# Residential Battery Storage

The 2022 ATB represents cost and performance for battery storage with a representative system: a 5-kW/12.5-kWh (2.5-hour) system. It represents only lithium-ion batteries (LIBs)—with nickel manganese cobalt (NMC) and lithium iron phosphate (LFP) chemistries—at this time, with LFP becoming the primary chemistry for stationary storage starting in 2021. There are a variety of other commercial and emerging energy storage technologies; as costs are well characterized, they will be added to future editions of the ATB.

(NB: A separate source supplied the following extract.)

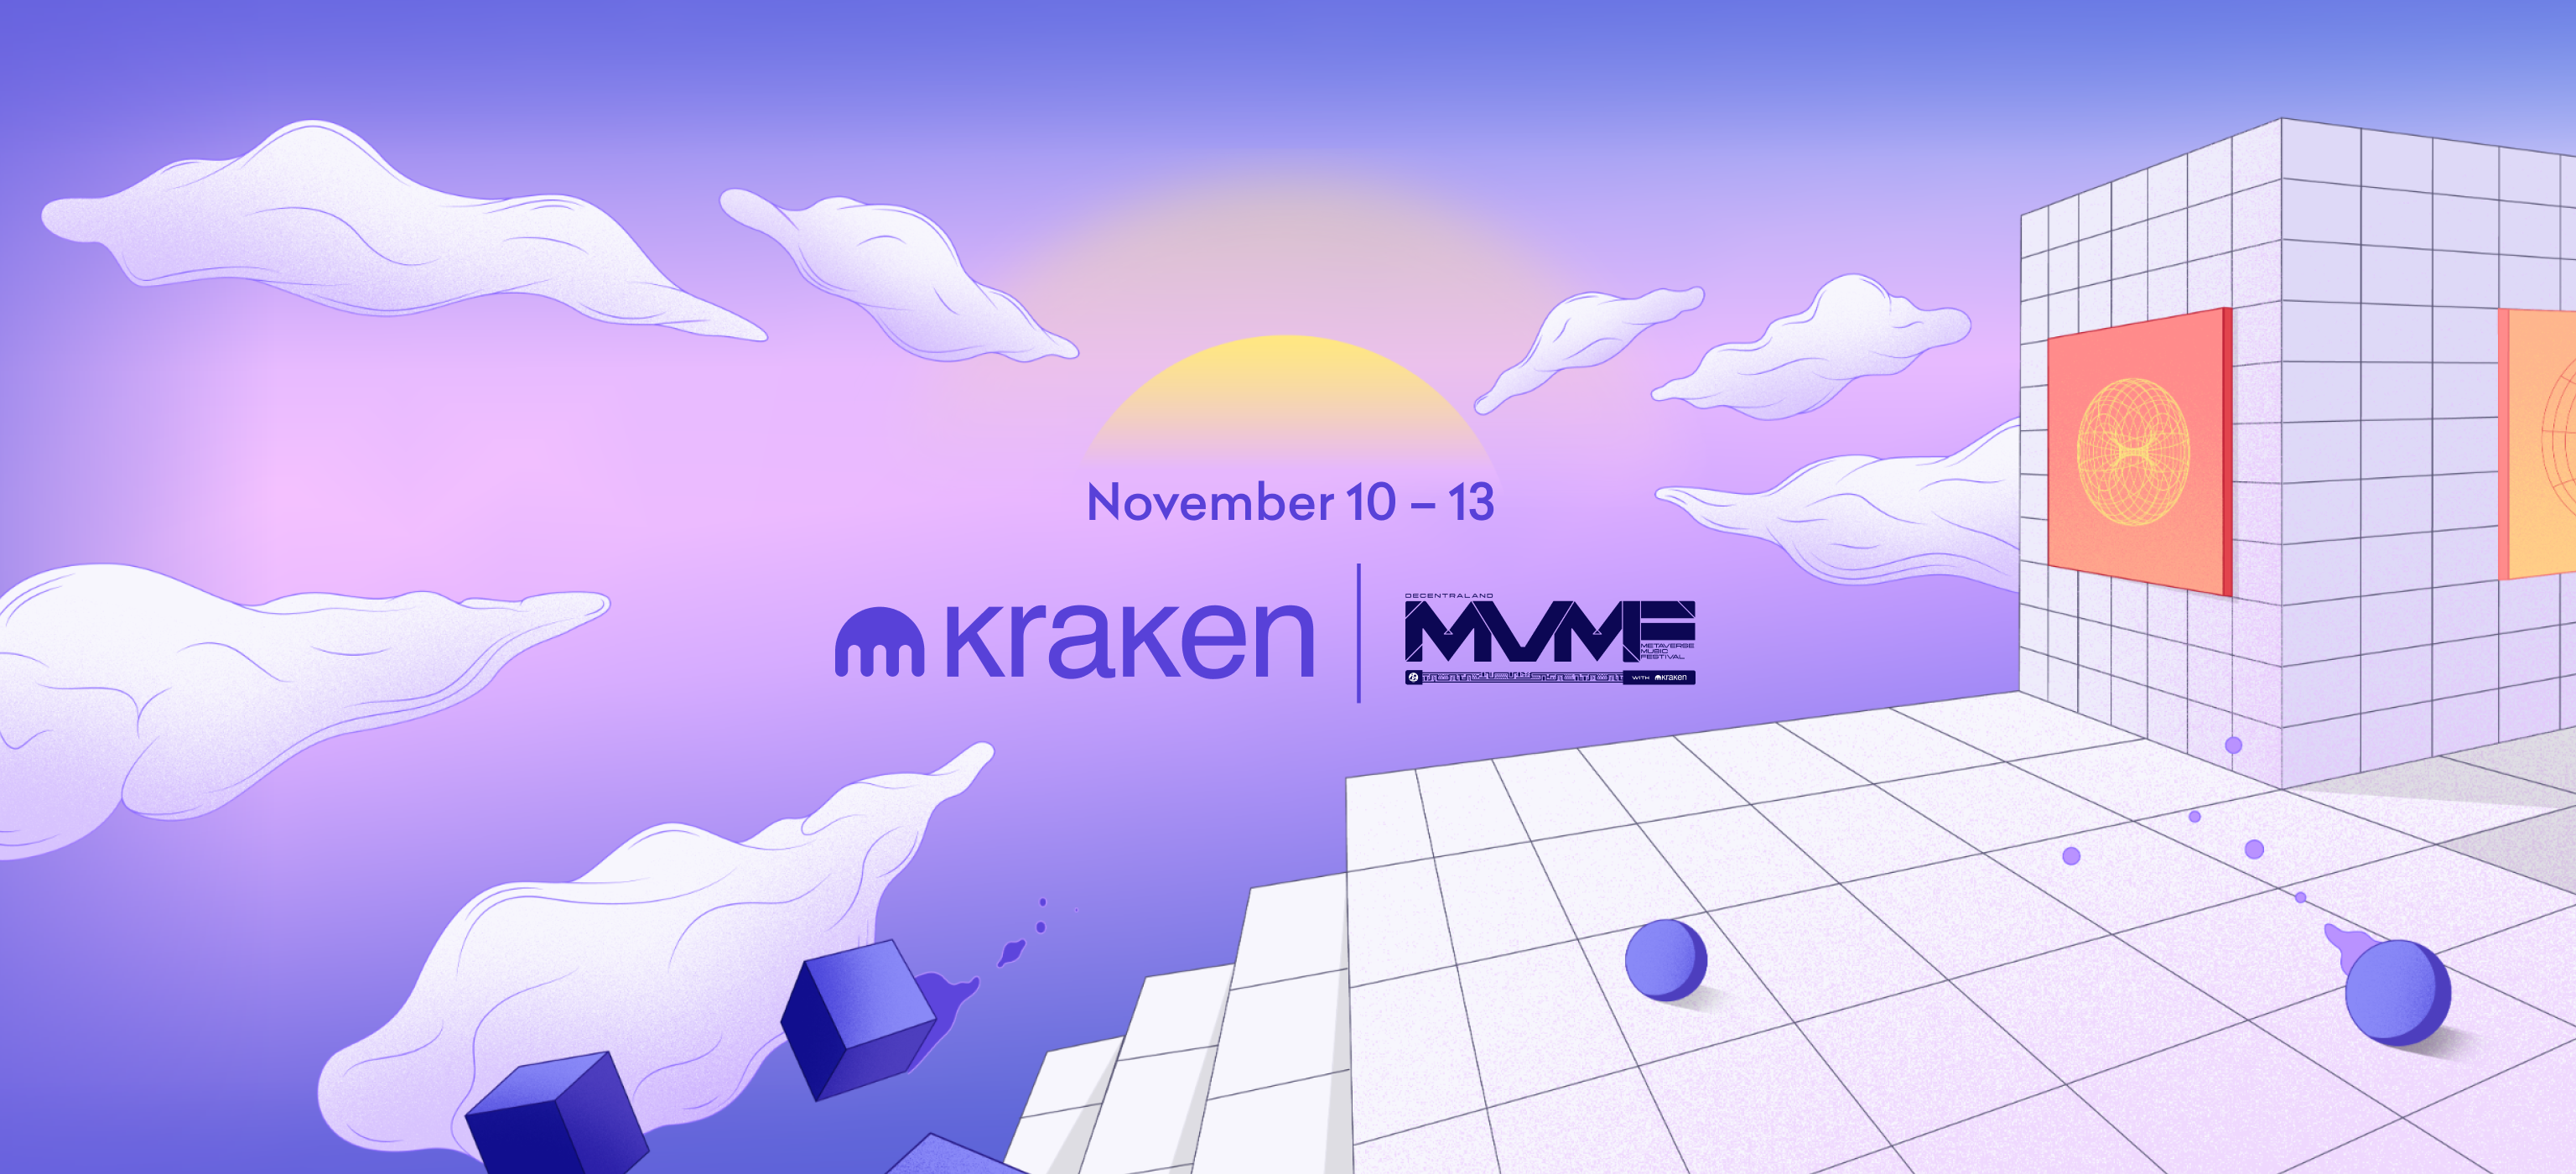 We’re about to crank it up: Kraken presents this year’s DCL Metaverse Music Festival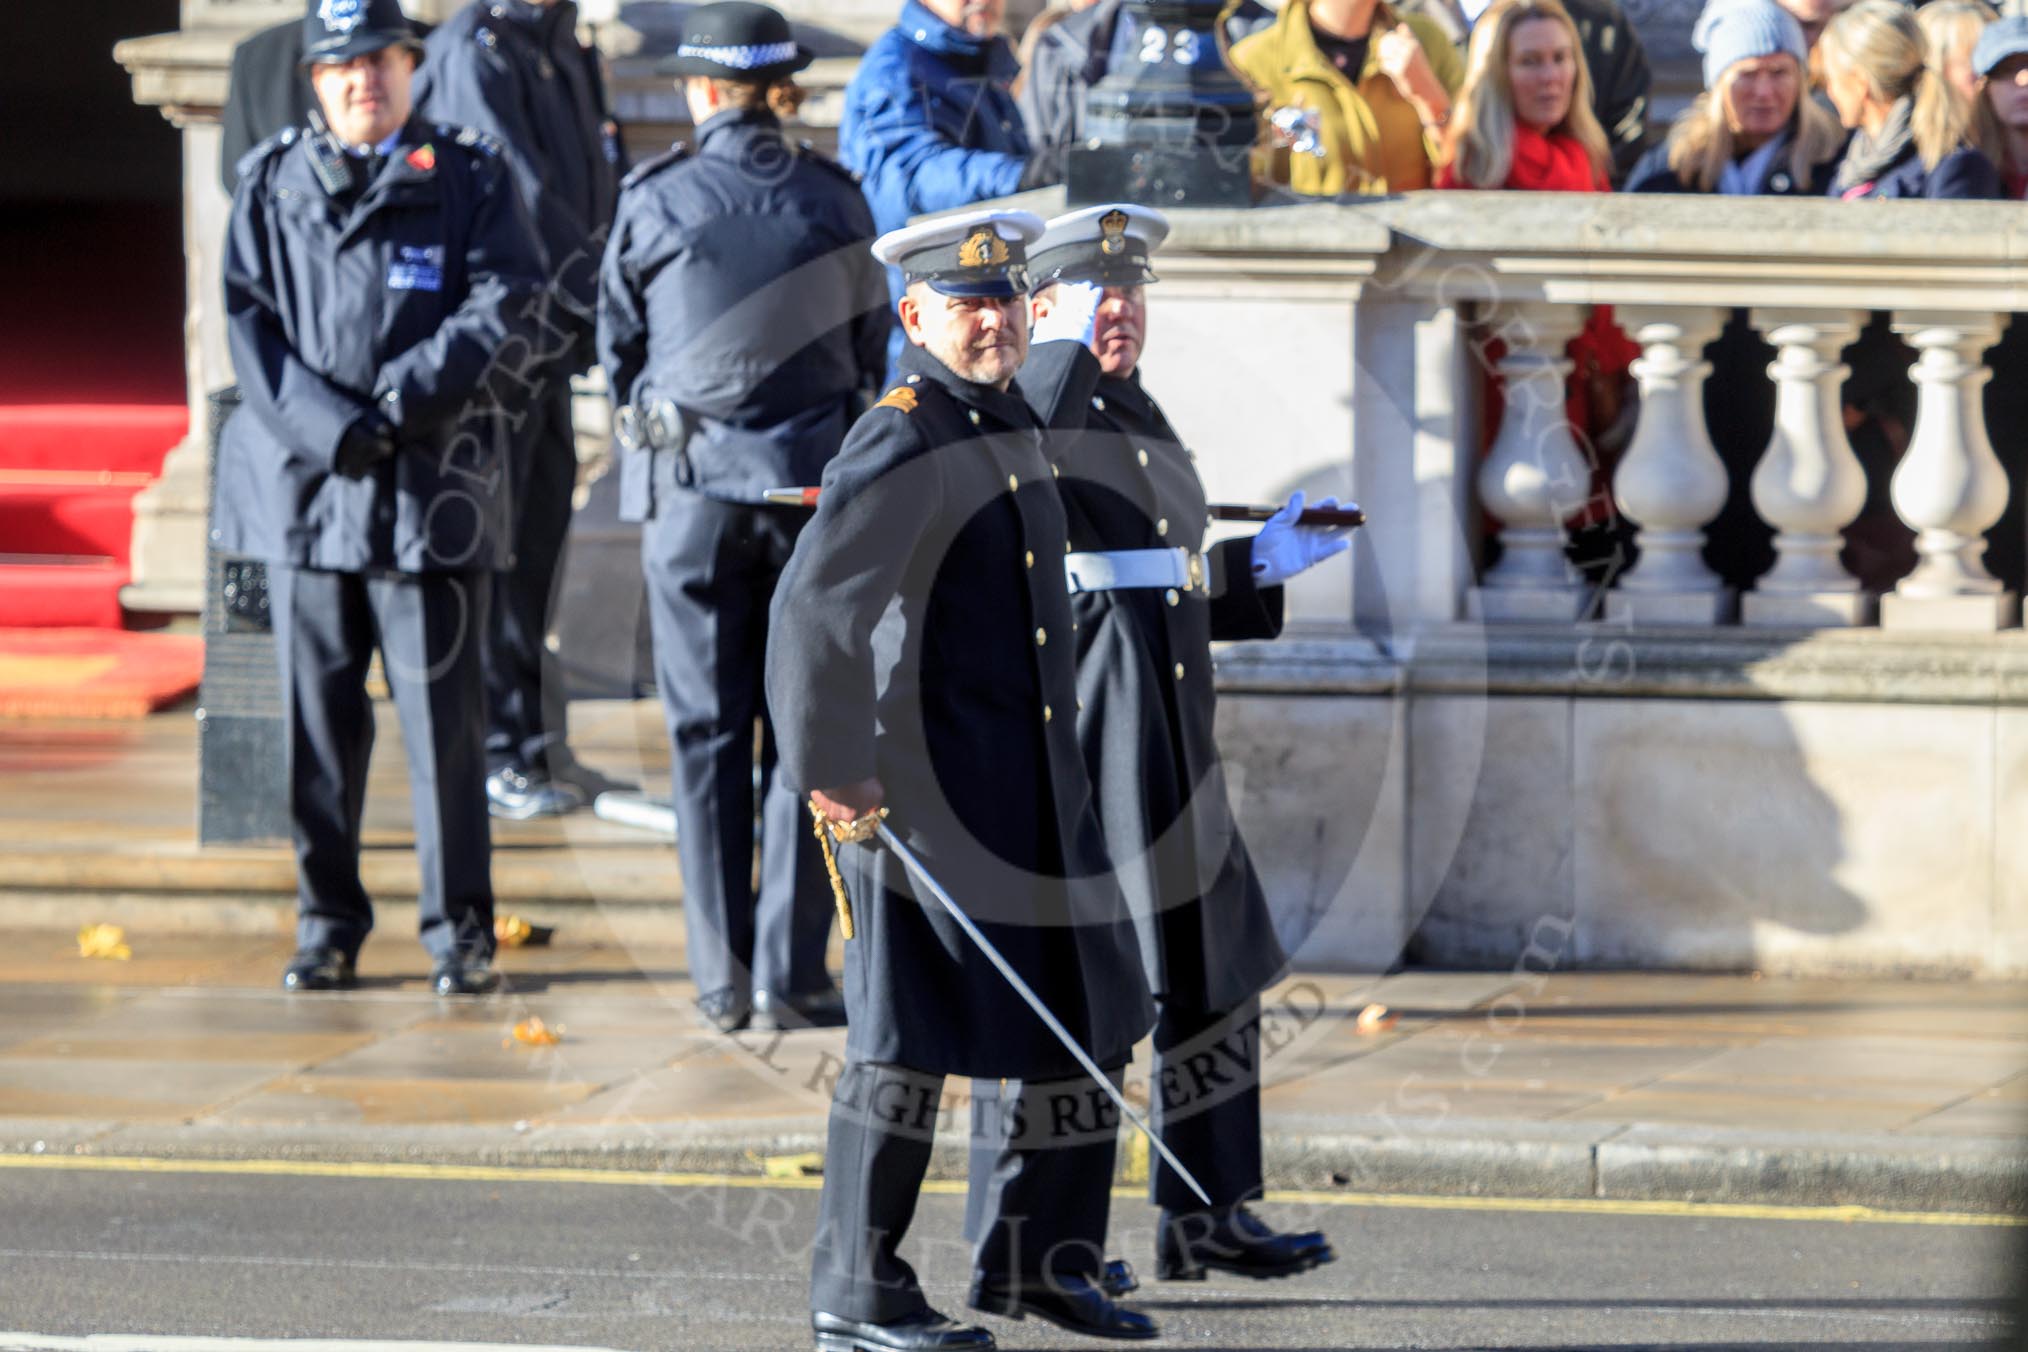 Two Royal Navy officers arriving on Whitehall ahead of their service detachment, before the Remembrance Sunday Cenotaph Ceremony 2018 at Horse Guards Parade, Westminster, London, 11 November 2018, 10:07.

The National Renewable Energy Laboratory's (NREL's) Storage Futures Study examined energy storage costs broadly and specifically the cost and performance of LIBs (Augustine and Blair, 2021). This report is the basis of the costs presented here (and for distributed commercial storage and utility-scale storage) . This work incorporates base year battery costs and breakdown from the report (Ramasamy et al., 2021) that works from a bottom-up cost model. The bottom-up battery energy storage systems (BESS) model accounts for major components, including the LIB pack, inverter, and the balance of system (BOS) needed for the installation. We would note though that, during the elapsed time between the calculations for the Storage Futures Study and the ATB release, updated values have been calculated as more underlying data have been collected. While these changes are small, we recommend using the data presented here in the ATB rather than what was previously published with the Storage Futures Study.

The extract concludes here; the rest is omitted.